Balkan Idols
- Author: Vjekoslav Perica
- Publisher: Oxford University Press
- Publication date: 2002
- ISBN: 0-19-517429-1

= Balkan Idols =

2002 book by Vjekoslav Perica

Balkan Idols: Religion and Nationalism in Yugoslav States (ISBN 0-19-517429-1) is a book by Vjekoslav Perica. It was first published in 2002 by Oxford University Press.

The book explores the political roles of different religious organisations in the republics of the former Yugoslavia. Balkan Idols was described as a significant work in several reviews in academic journals.

==Reception==
Balkan Idols was praised by Josip Mocnik in Contemporary Church History Quarterly as "masterfully written and extensively researched". Writing for the Journal of the American Academy of Religion, Franke Wilmer described the book as a "remarkably balanced" work that shows "how socially and politically destructive the volatile interplay between fundamentalism and the magnification of unresolved or unreconciled narratives of victimization ... can be."

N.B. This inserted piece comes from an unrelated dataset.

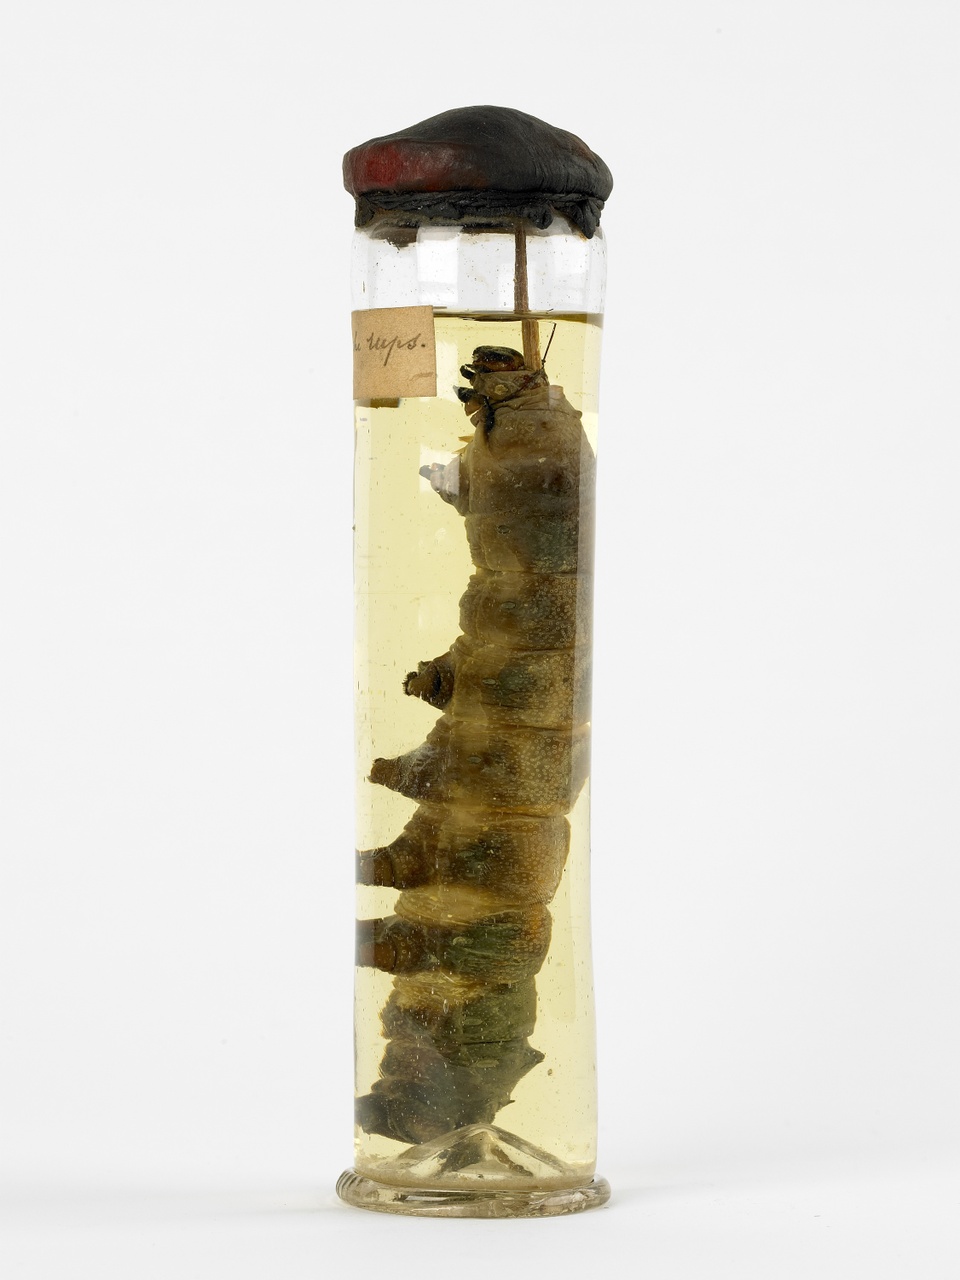 Goliathus goliathus (Linneaus, 1771), Goliathkever, alcoholpreparaat

Peter Korchnak of the Global Review of Ethnopolitics wrote that "[the] merging of national and religious identity defines the objective of Perica’s monograph: rather than attempting to explain the dissolution of Yugoslavia by factors related to religion, the aim is to trace the influence of religious institutions on nation-formation and political legitimacy in Yugoslavia."